>>>
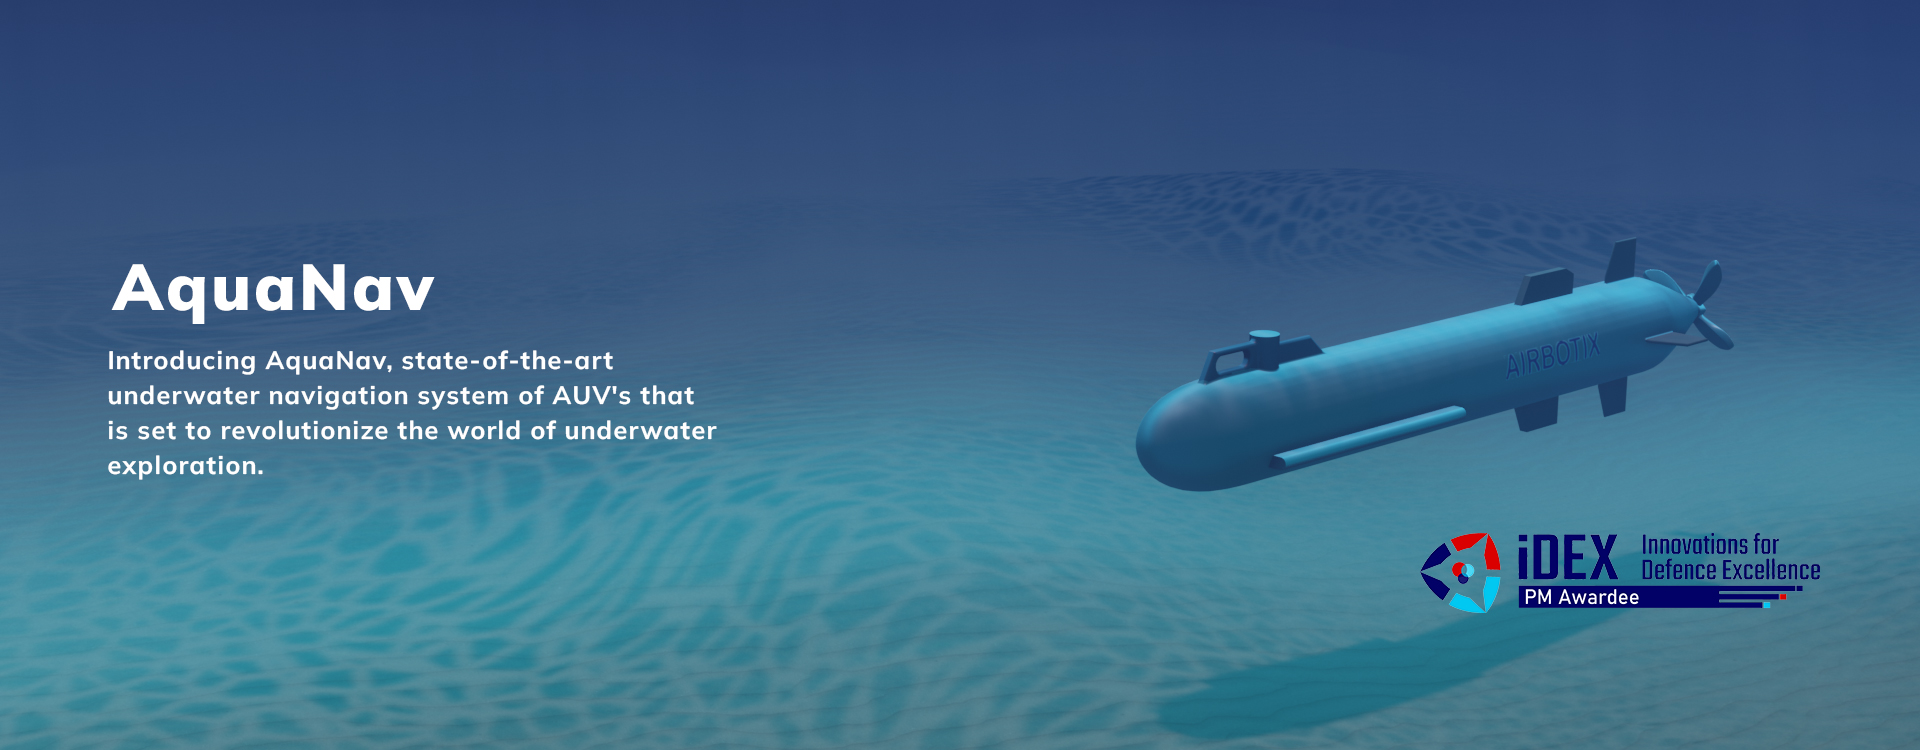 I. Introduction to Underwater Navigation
<<<
>>>
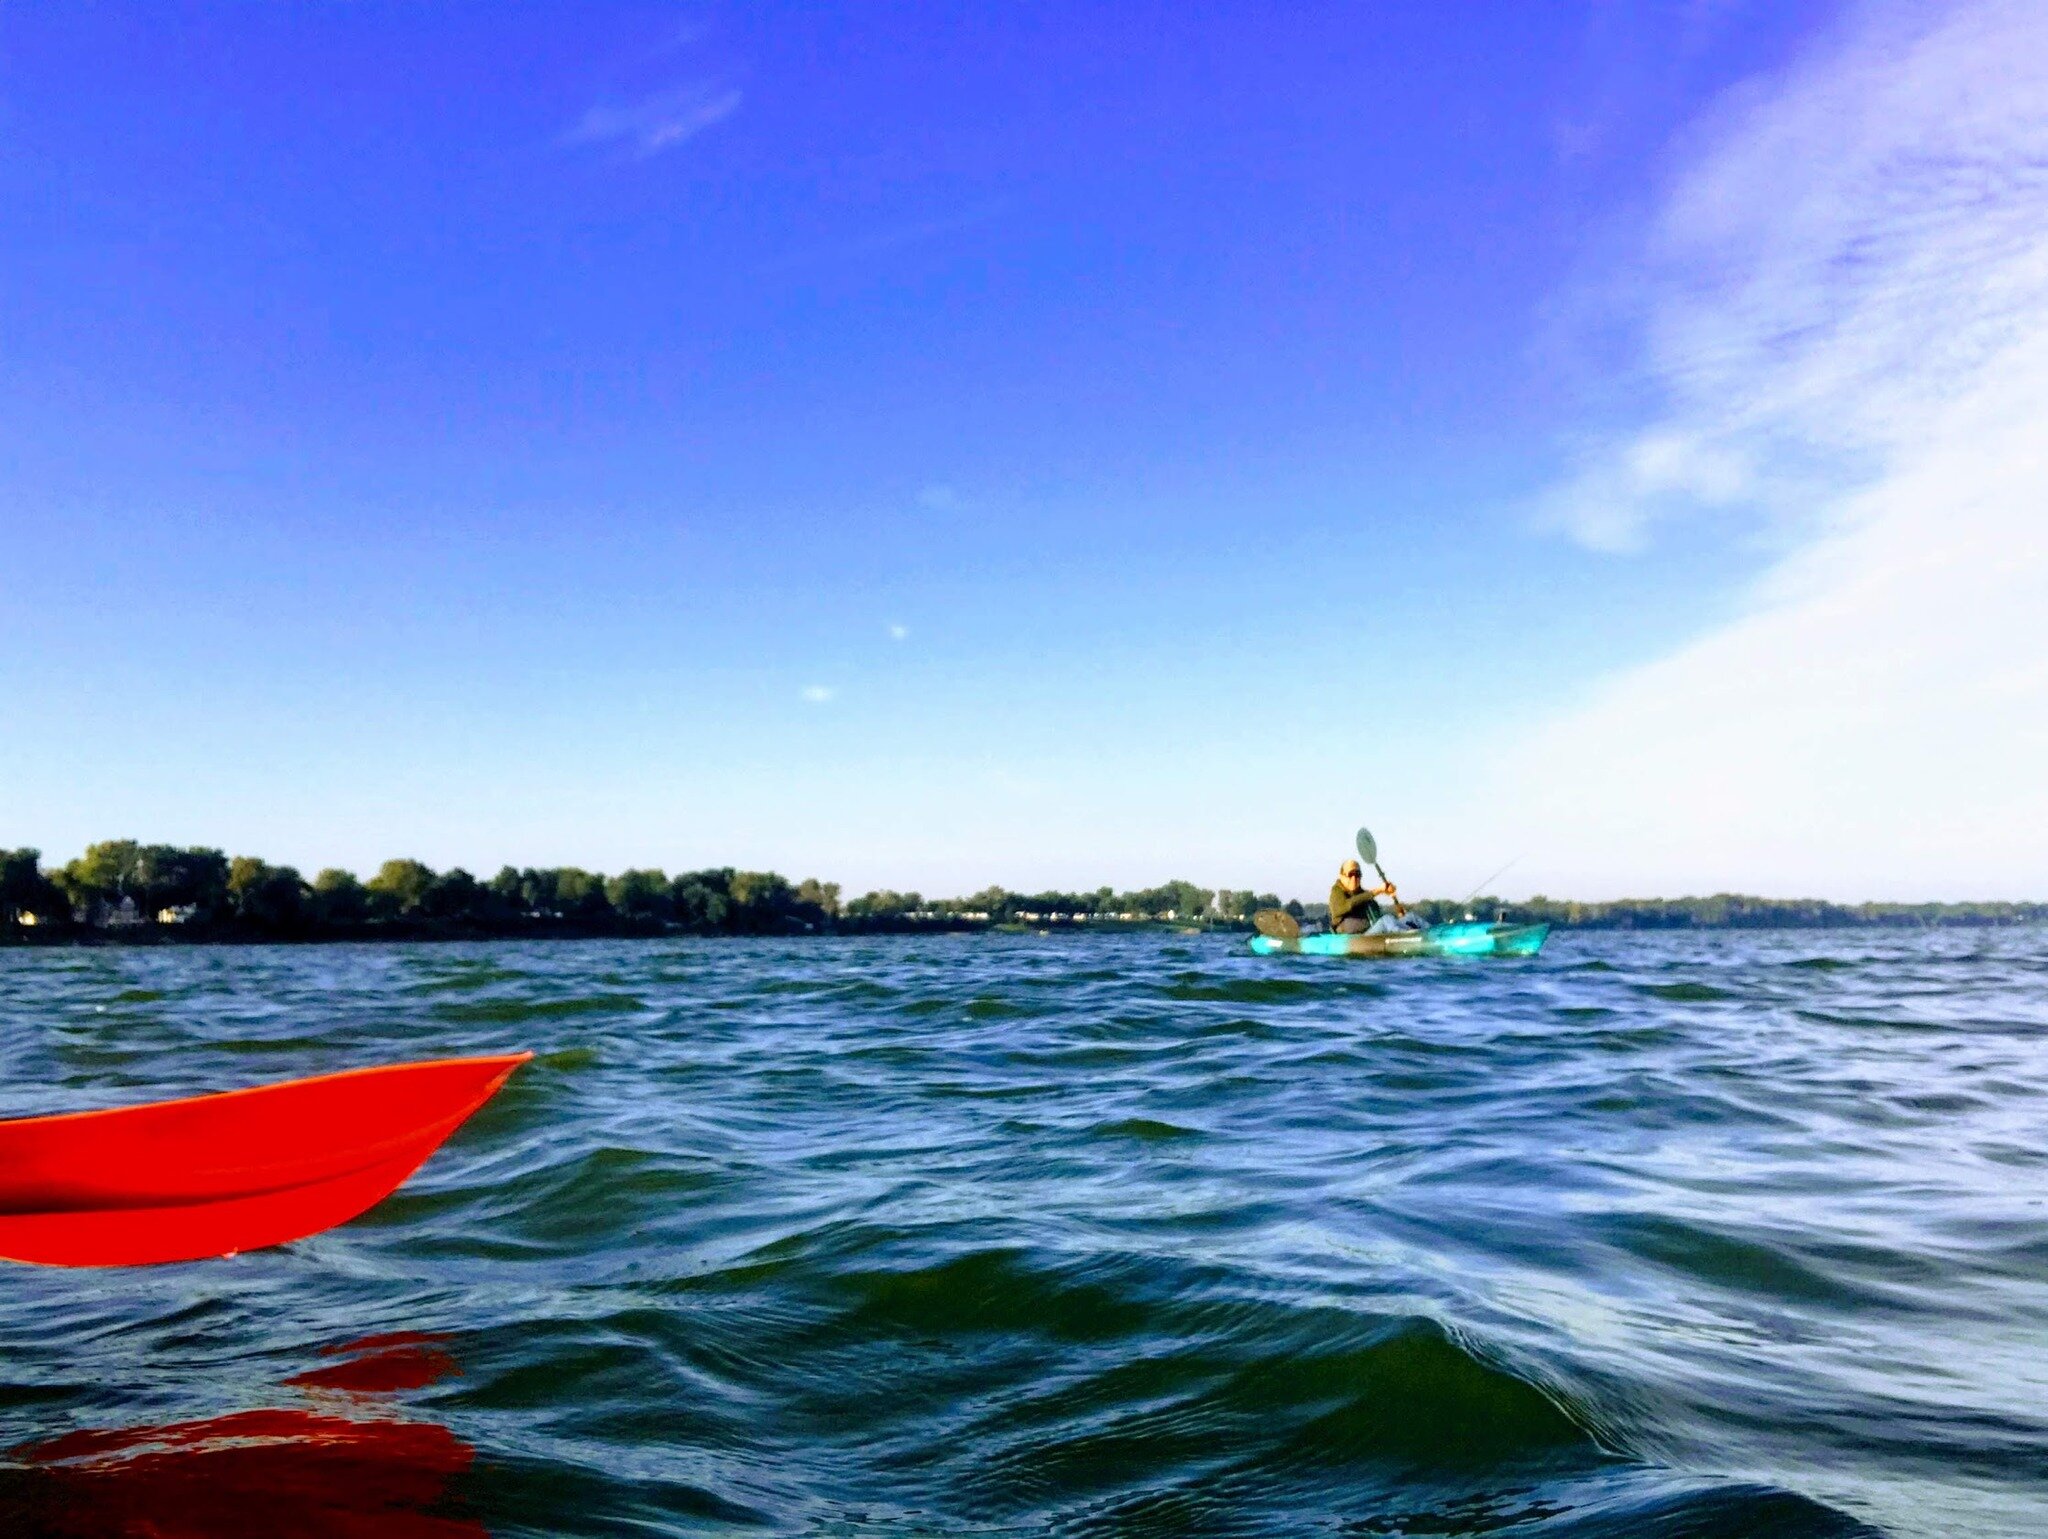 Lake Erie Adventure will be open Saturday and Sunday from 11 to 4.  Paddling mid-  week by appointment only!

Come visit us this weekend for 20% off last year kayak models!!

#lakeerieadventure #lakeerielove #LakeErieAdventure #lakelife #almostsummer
<<<
About this task:
Using the records above, restate word for word the lines from the one with "Come visit us" through the one with "#lakeerieadventure #lakeerielove #LakeErieAdventure", both included.

Task solution:
Come visit us this weekend for 20% off last year kayak models!!

#lakeerieadventure #lakeerielove #LakeErieAdventure #lakelife #almostsummer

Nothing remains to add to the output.